We have built an inference pipelines that take advantage of multiple GPU cores . We pass say a single image to inference.py
using a shell script and it will return some results back. we have a shell script that contains the following:
CUDA_VISIBLE_DEVICES=1,2 python3 -m torch.distributed.launch --master_port 9800 --nproc_per_node=2 inference.py
in the inference.py
we have
dist.init_process_group(backend="nccl", init_method="env://")
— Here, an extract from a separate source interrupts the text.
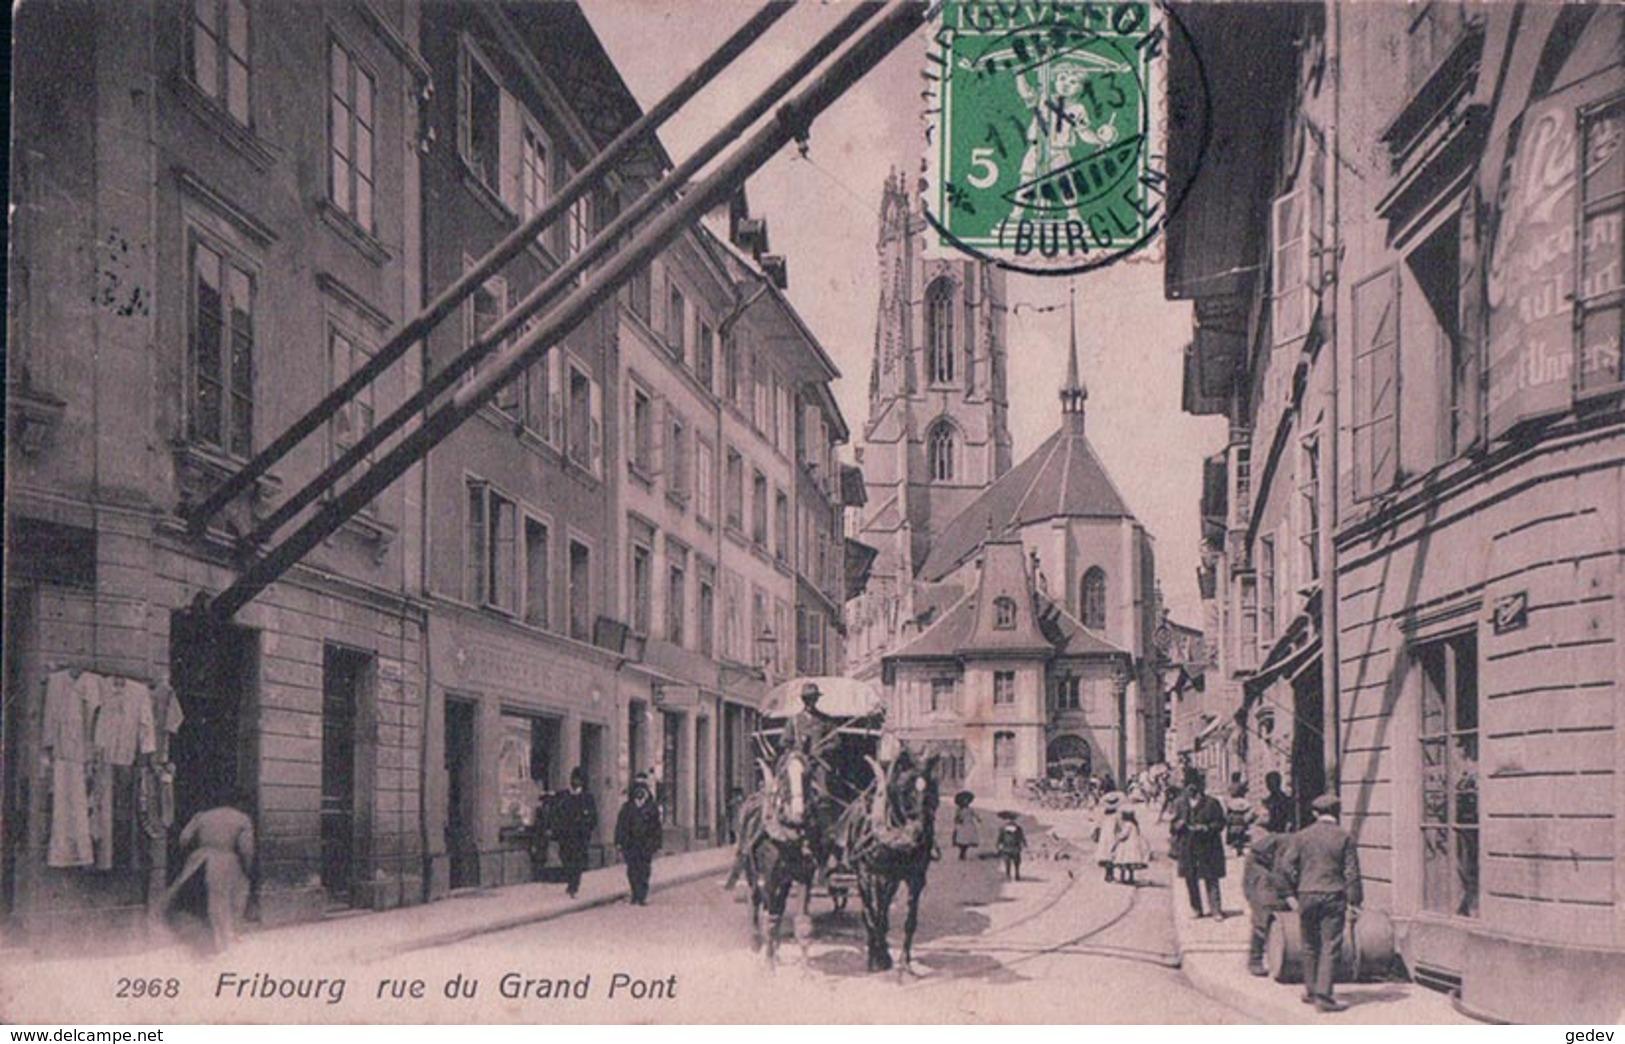 Fribourg, Diligence Rue Du Grand Pont, Attelage De 2 Chevaux (2968) - FR Fribourg

the code loads separate models into each GPU cores and runs them and then exits. Now we want to convert this script into a flask API. This way, users can pass images to the inference.py from a front end web UI using a post command. So we made the following changes to the inference.py
@app.route("/URL", methods=["POST"])
def search_engine():
if request.method == "POST":
result = run_multi_GPU_code(request)
return jsonify(result)
if __name__ == "__main__":
dist.init_process_group(backend="nccl", init_method="env://")
app.run(port=8115, host="0.0.0.0", debug=True)
and i get
File "inference.py", line 55, in <module>
dist.init_process_group(backend="nccl", init_method="env://")
File "/usr/local/lib64/python3.8/site-packages/torch/distributed/distributed_c10d.py", line 500, in init_process_group
store, rank, world_size = next(rendezvous_iterator)
File "/usr/local/lib64/python3.8/site-packages/torch/distributed/rendezvous.py", line 190, in _env_rendezvous_handler
store = TCPStore(master_addr, master_port, world_size, start_daemon, timeout)
RuntimeError: Address already in use
Any help is appreciated.